§ **Task description**
Print exactly the lines below between the line containing "Food Allergy Form PDF Example" and the line containing "Derbyshire, UK. 06th", counting both of those lines. Leave pictures out.

§ **Extracted information**
- Opening Delimiter -
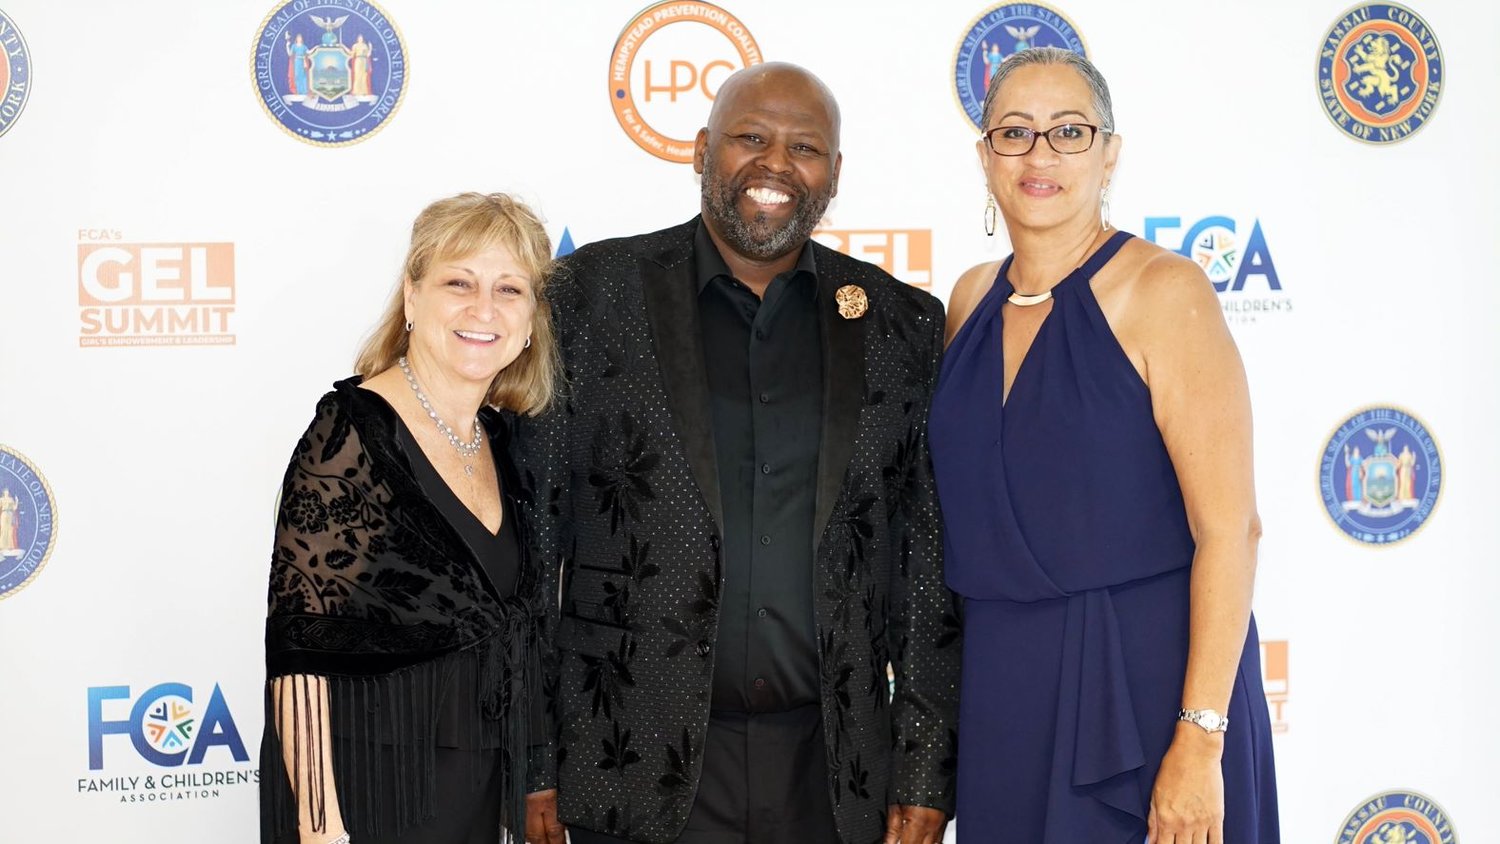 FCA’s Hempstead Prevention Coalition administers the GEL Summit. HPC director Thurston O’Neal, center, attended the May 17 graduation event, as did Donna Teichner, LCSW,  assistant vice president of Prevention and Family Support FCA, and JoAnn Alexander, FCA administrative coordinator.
- Closing Delimiter -
- Opening Delimiter -
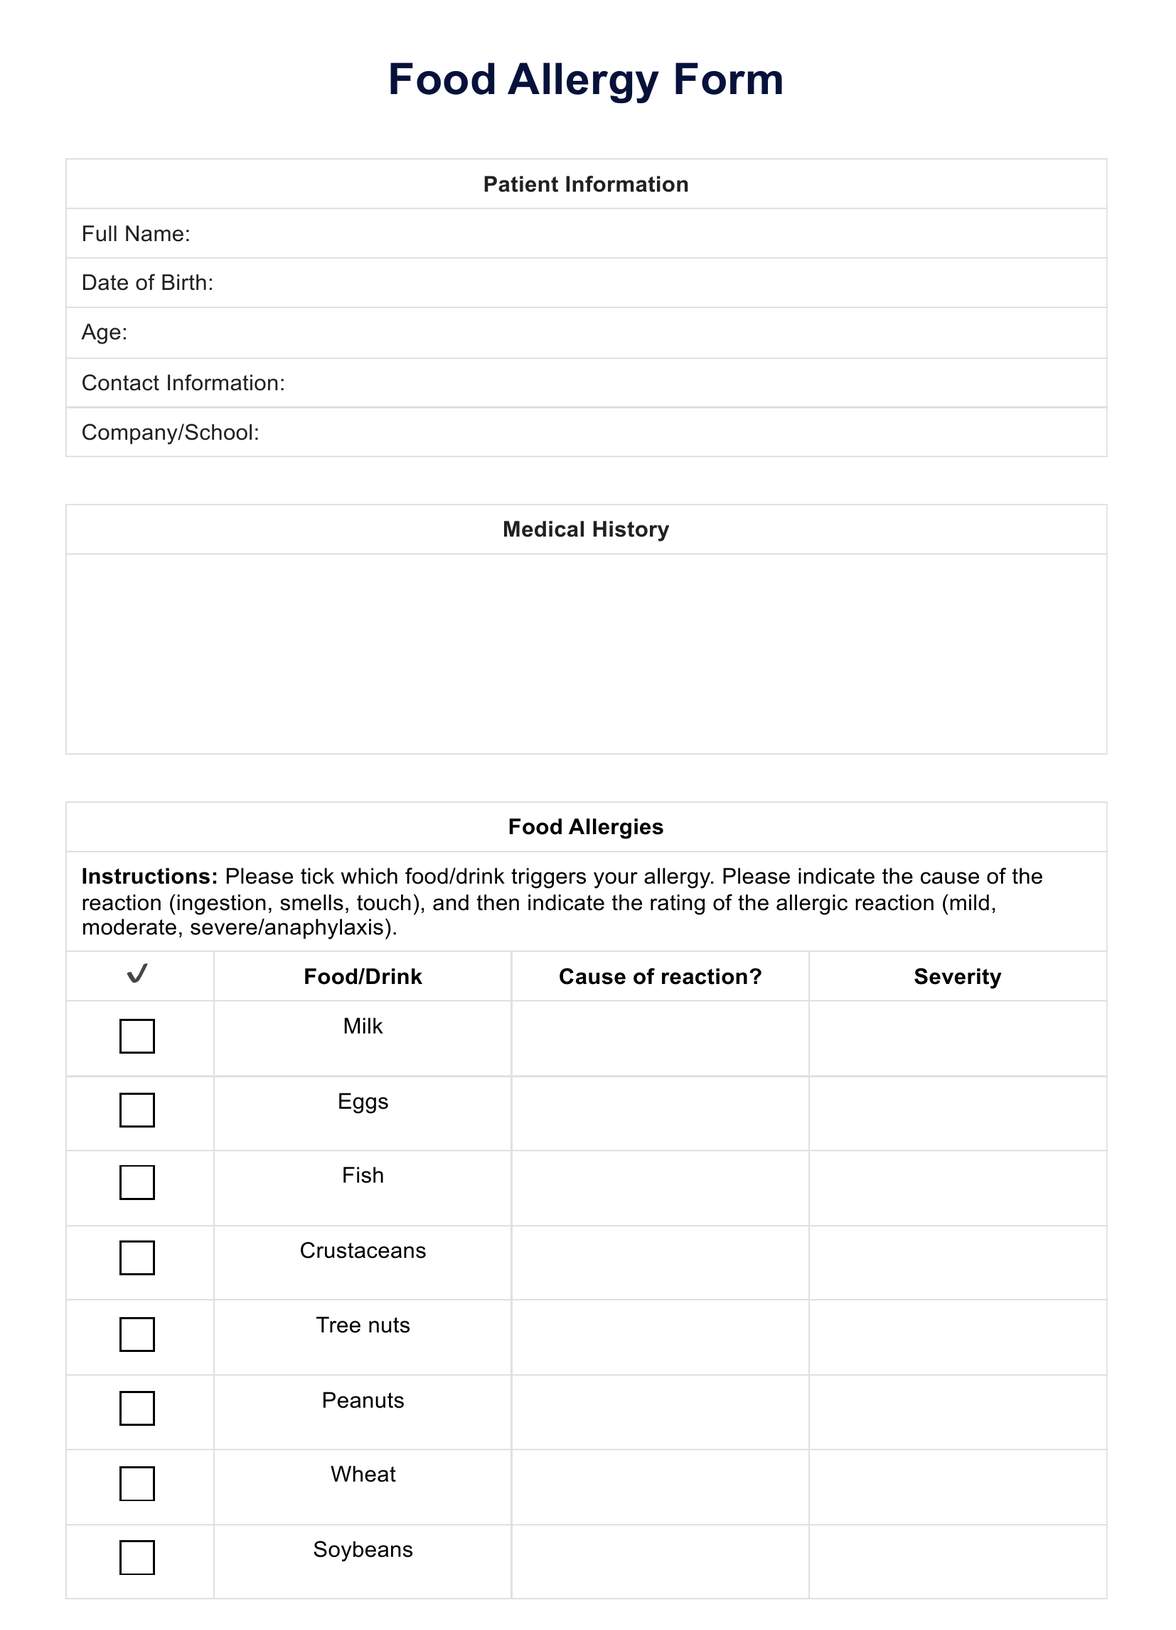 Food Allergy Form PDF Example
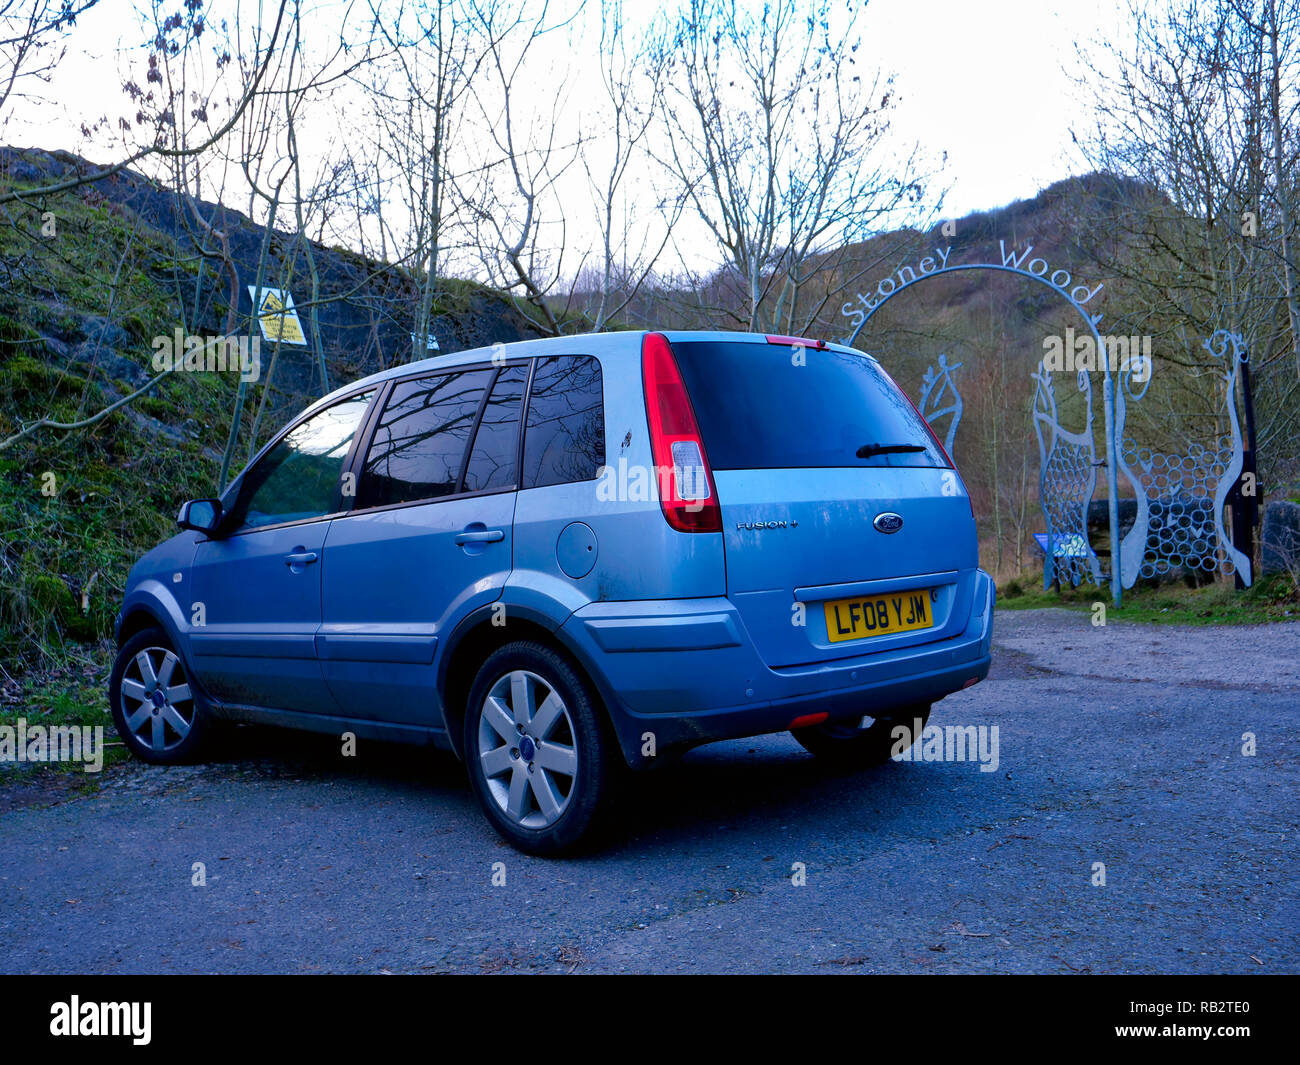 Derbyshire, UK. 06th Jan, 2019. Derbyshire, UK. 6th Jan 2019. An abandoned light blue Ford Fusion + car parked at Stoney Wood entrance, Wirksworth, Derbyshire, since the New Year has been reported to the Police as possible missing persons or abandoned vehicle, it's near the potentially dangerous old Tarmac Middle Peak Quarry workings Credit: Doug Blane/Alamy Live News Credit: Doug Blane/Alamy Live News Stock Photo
- Closing Delimiter -
§ **Output of the task**
 Food Allergy Form PDF Example
 Derbyshire, UK. 06th Jan, 2019. Derbyshire, UK. 6th Jan 2019. An abandoned light blue Ford Fusion + car parked at Stoney Wood entrance, Wirksworth, Derbyshire, since the New Year has been reported to the Police as possible missing persons or abandoned vehicle, it's near the potentially dangerous old Tarmac Middle Peak Quarry workings Credit: Doug Blane/Alamy Live News Credit: Doug Blane/Alamy Live News Stock Photo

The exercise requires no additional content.